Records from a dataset
++++++

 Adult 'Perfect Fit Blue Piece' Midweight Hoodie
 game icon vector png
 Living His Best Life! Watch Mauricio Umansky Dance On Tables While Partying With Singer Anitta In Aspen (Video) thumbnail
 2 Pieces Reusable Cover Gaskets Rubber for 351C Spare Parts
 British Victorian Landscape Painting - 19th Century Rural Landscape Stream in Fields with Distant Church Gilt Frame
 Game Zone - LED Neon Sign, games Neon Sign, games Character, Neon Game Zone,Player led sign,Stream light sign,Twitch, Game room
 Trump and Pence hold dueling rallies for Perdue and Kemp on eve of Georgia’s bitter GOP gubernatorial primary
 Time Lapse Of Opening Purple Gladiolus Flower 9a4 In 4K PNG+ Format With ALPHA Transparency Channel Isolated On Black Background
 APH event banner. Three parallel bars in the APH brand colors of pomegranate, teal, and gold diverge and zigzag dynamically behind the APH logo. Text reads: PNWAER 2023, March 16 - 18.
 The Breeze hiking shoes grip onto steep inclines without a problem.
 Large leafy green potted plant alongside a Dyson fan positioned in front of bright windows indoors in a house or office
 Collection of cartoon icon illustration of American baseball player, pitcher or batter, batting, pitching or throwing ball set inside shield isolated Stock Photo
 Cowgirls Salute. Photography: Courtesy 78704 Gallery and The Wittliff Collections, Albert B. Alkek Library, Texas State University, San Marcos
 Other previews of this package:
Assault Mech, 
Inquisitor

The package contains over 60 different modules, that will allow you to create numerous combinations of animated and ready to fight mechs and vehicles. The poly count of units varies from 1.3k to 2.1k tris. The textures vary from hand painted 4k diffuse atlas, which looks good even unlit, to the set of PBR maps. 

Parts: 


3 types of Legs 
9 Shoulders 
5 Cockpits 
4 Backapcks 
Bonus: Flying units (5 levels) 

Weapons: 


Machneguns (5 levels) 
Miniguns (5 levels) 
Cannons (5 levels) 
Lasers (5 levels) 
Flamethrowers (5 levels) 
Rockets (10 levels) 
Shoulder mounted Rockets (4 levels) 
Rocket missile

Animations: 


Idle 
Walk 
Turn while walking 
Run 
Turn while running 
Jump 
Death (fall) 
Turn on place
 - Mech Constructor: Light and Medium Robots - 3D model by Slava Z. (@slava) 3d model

++++++

Exercise aim:
The required output is the stretch of entries above from the line containing "British Victorian Landscape" through the line containing "Game Zone - LED", reproduced exactly.

Written solution:
 British Victorian Landscape Painting - 19th Century Rural Landscape Stream in Fields with Distant Church Gilt Frame
 Game Zone - LED Neon Sign, games Neon Sign, games Character, Neon Game Zone,Player led sign,Stream light sign,Twitch, Game room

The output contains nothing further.